Work task ->
Starting at the line that contains "Meditation Throw Pillow", reproduce only the lines through the end of the data, exactly, including both the first and the last; skip the pictures.
[[ Source data, beginning ]]
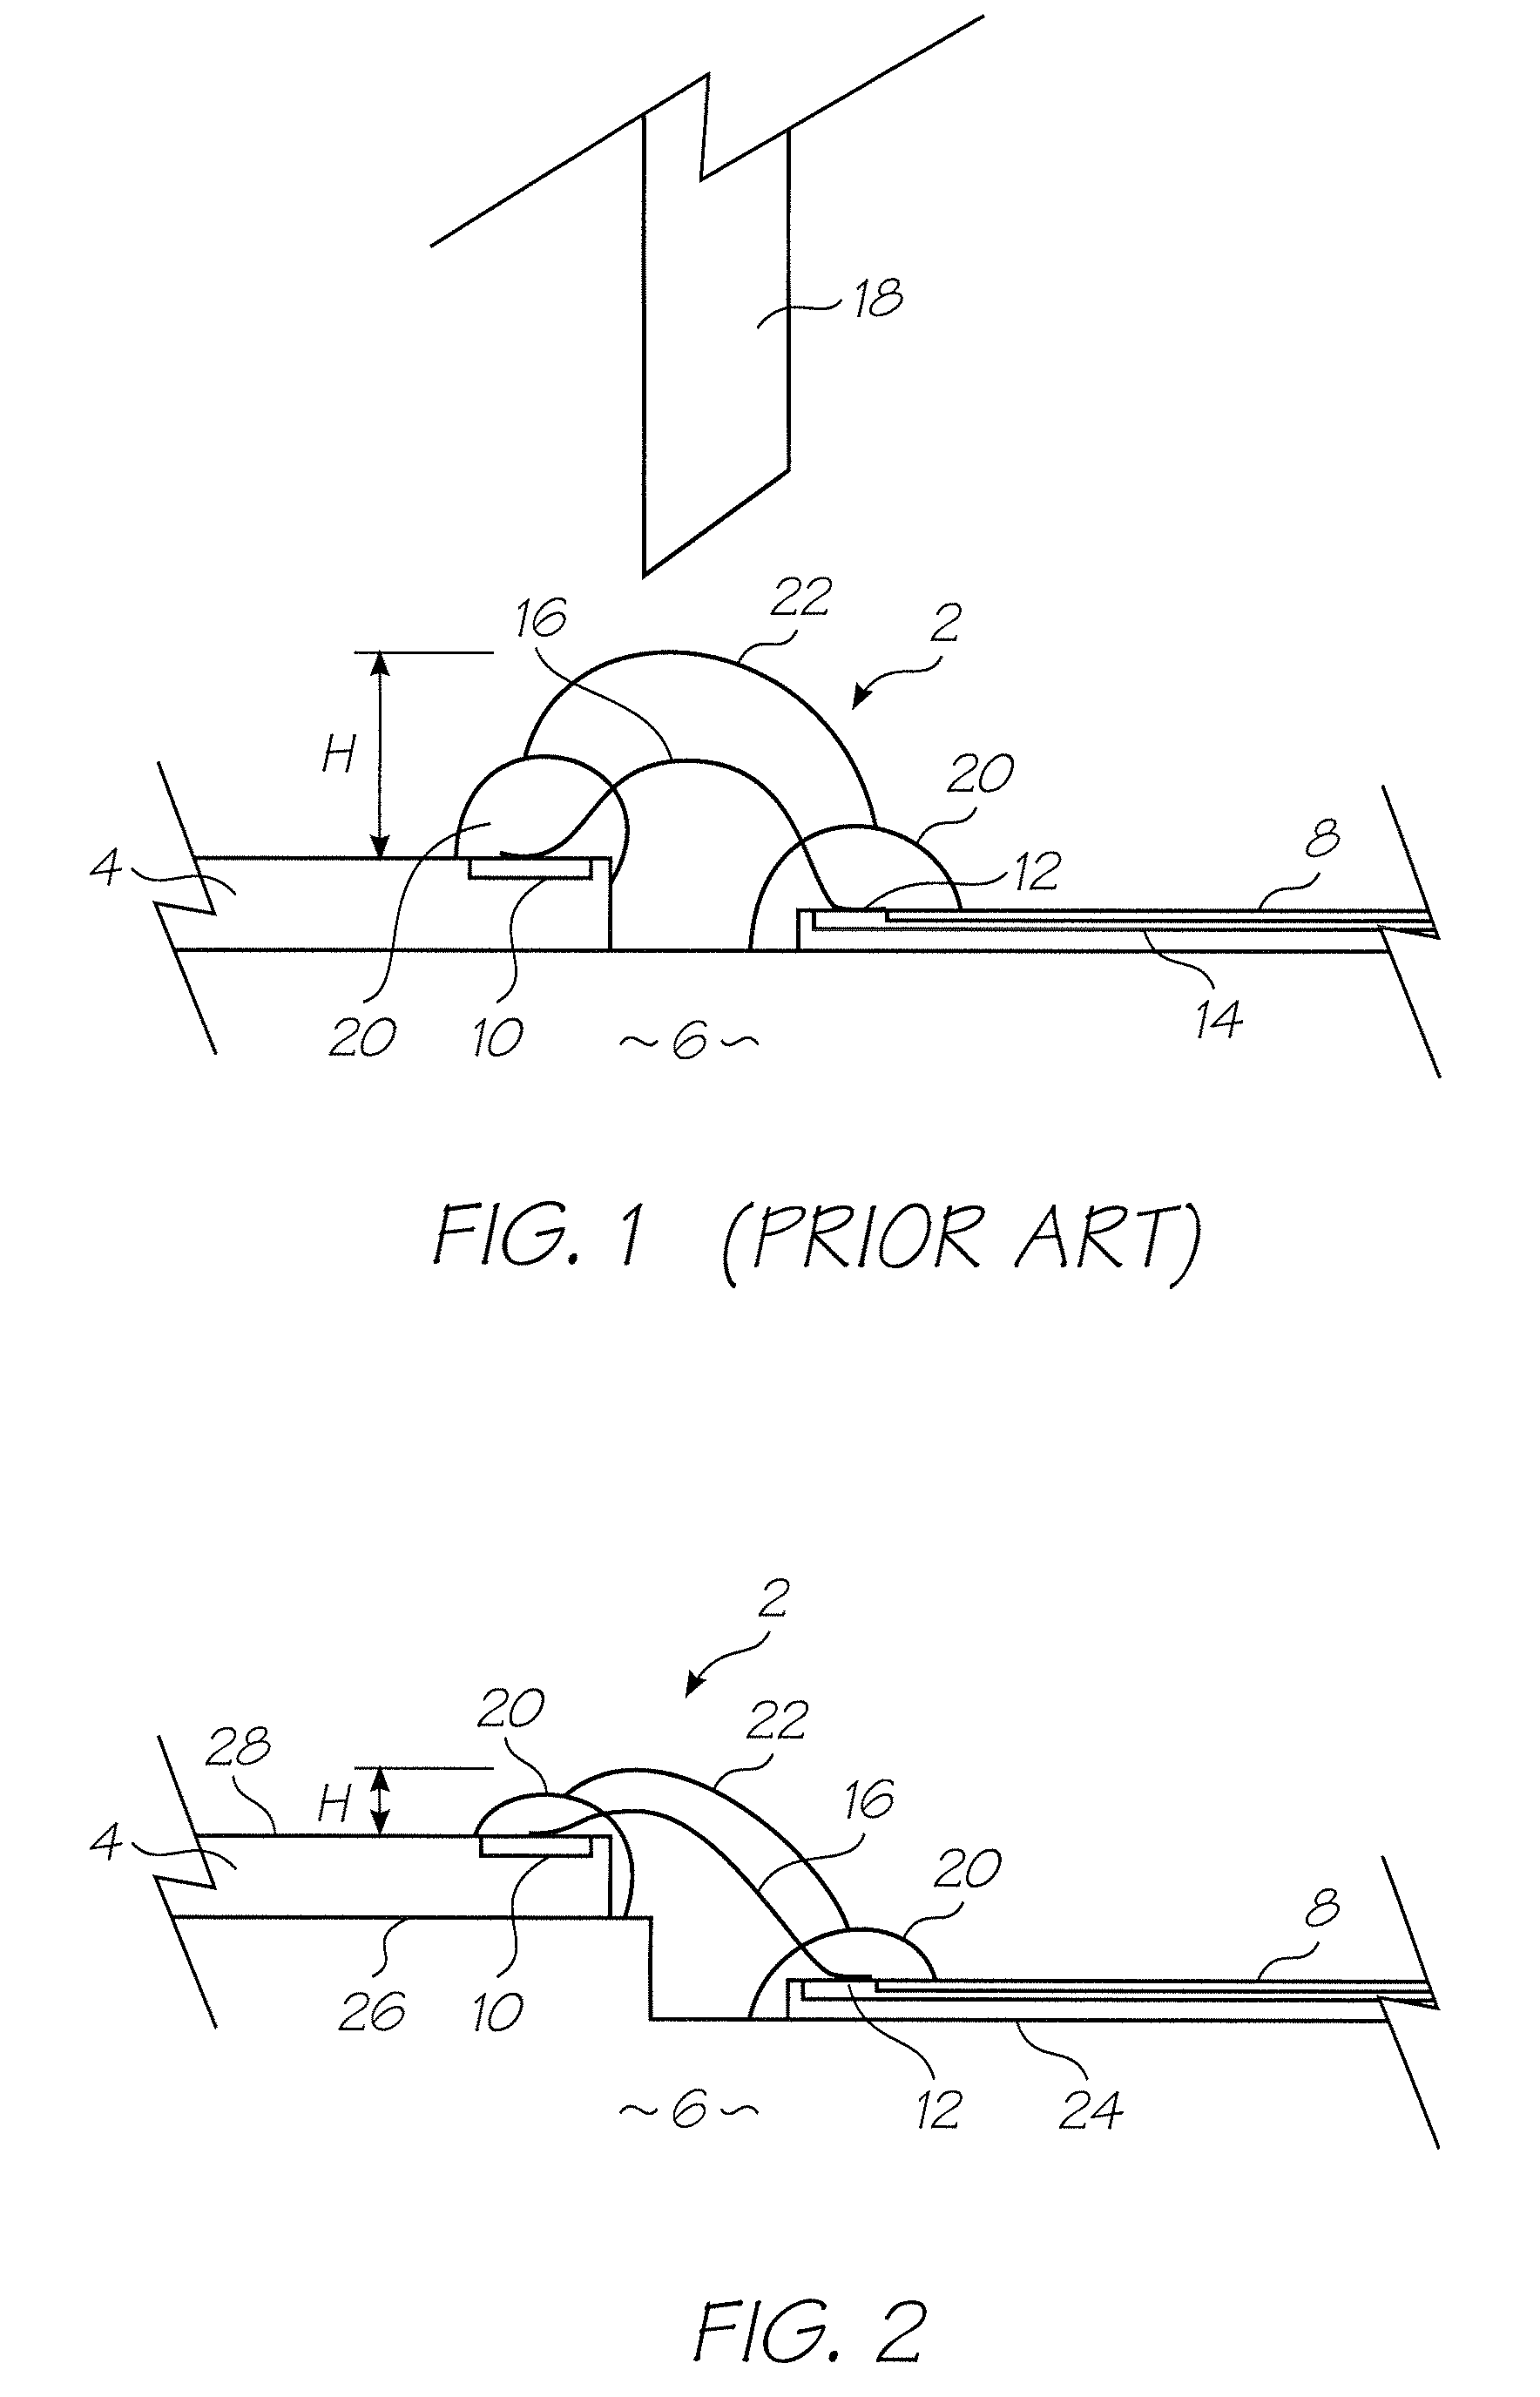 Method of reducing wire bond profile height in integrated circuits mounted to circuit boards
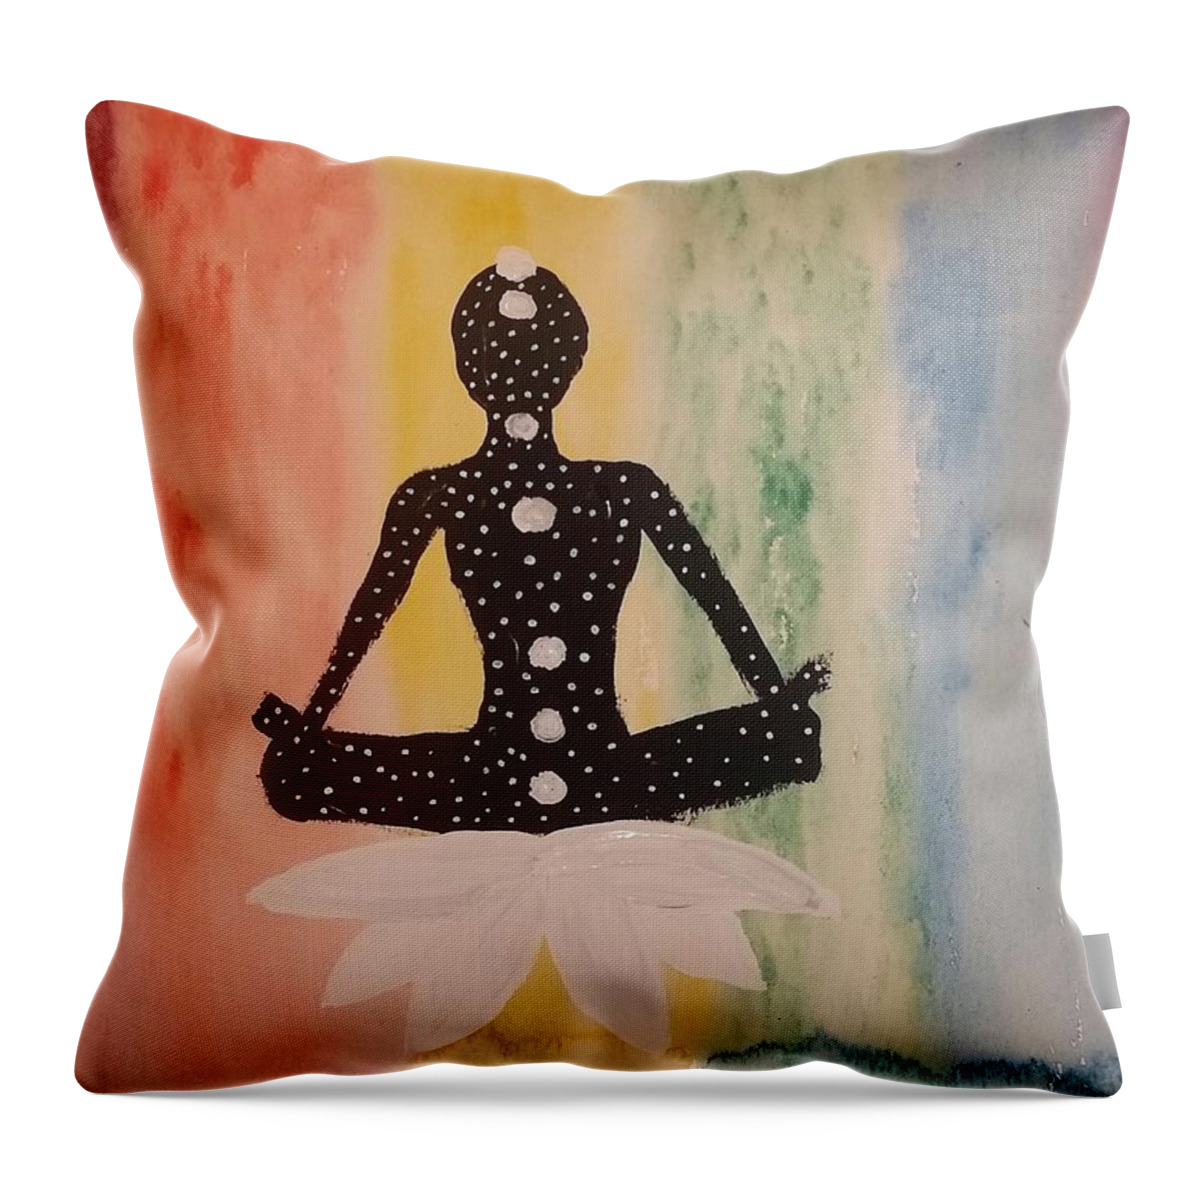 Meditation Throw Pillow featuring the painting Celestial Meditation by Vale Anoa'i
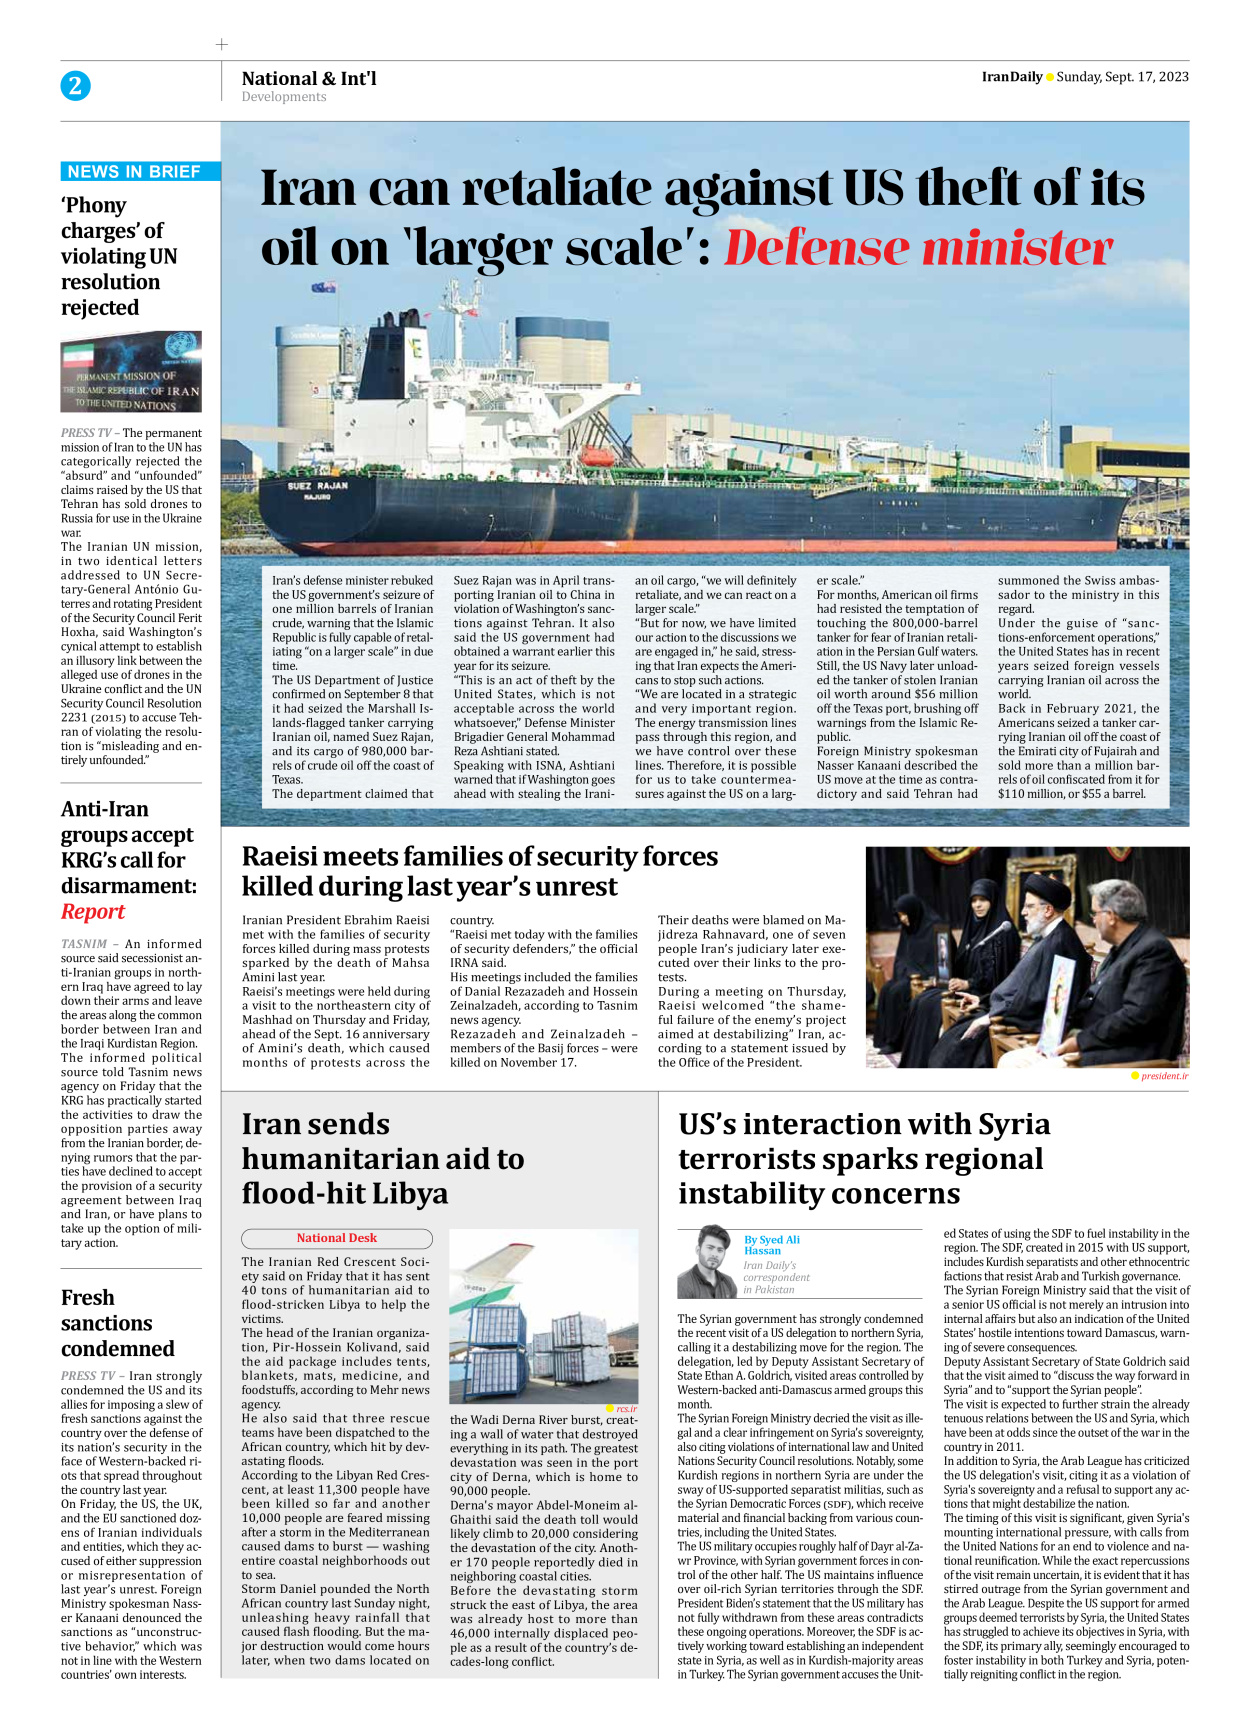 Iran Daily - Number Seven Thousand Three Hundred and Eighty Seven - 17 September 2023 - Page 2
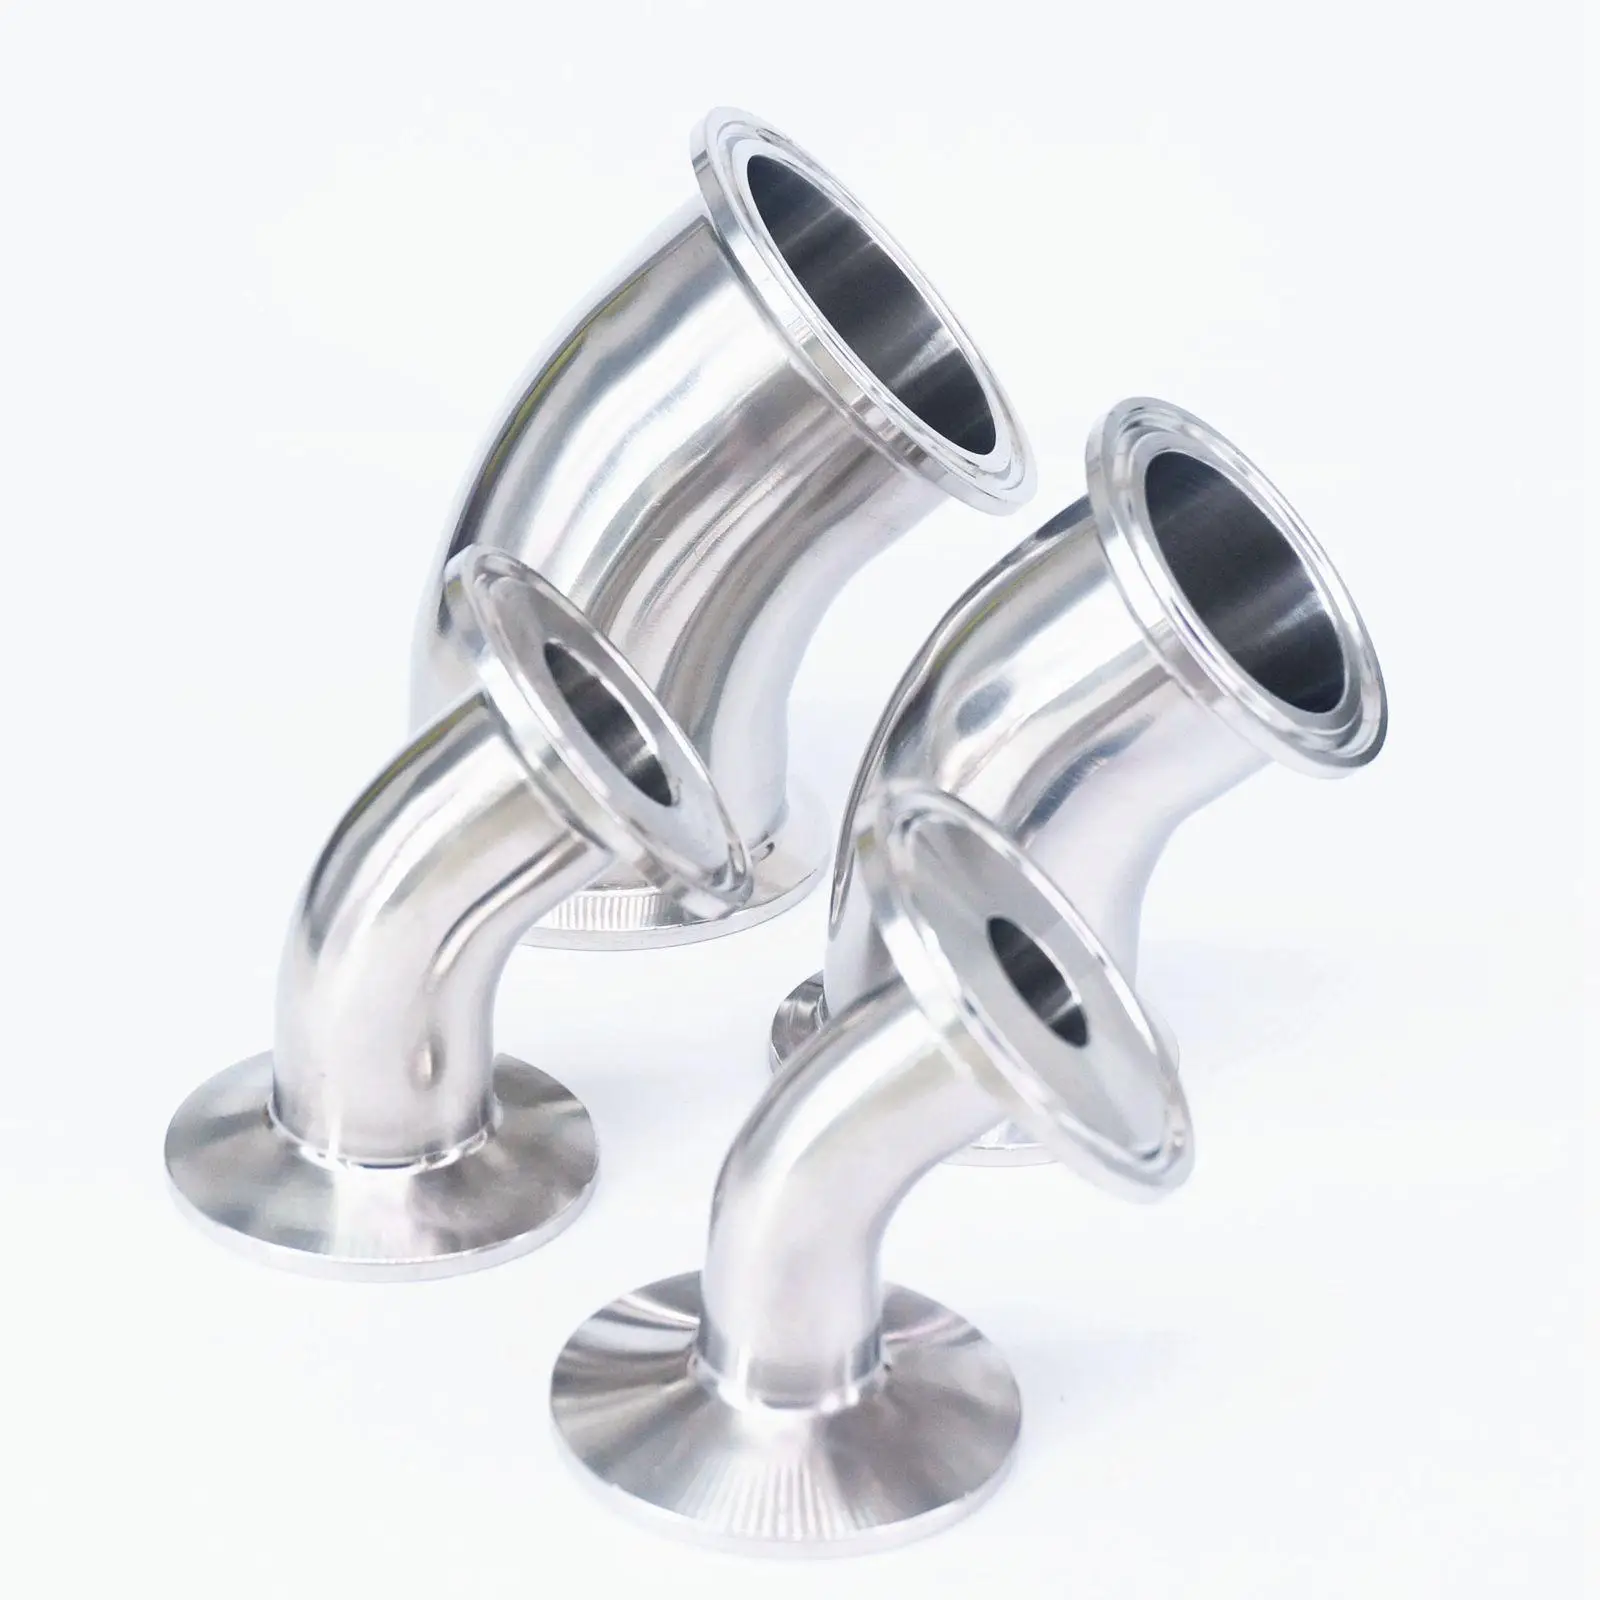 

1.5" 2" 2.5" 3" 3.5" 4" Tri Clamp Ferrule 304 Stainless Steel 45 Degree Elbow Sanitary Pipe Fitting Home Brew
[[ Source data, end ]]
Solved problem ->
 Meditation Throw Pillow featuring the painting Celestial Meditation by Vale Anoa'i
 Iran Daily - Number Seven Thousand Three Hundred and Eighty Seven - 17 September 2023 - Page 2

1.5" 2" 2.5" 3" 3.5" 4" Tri Clamp Ferrule 304 Stainless Steel 45 Degree Elbow Sanitary Pipe Fitting Home Brew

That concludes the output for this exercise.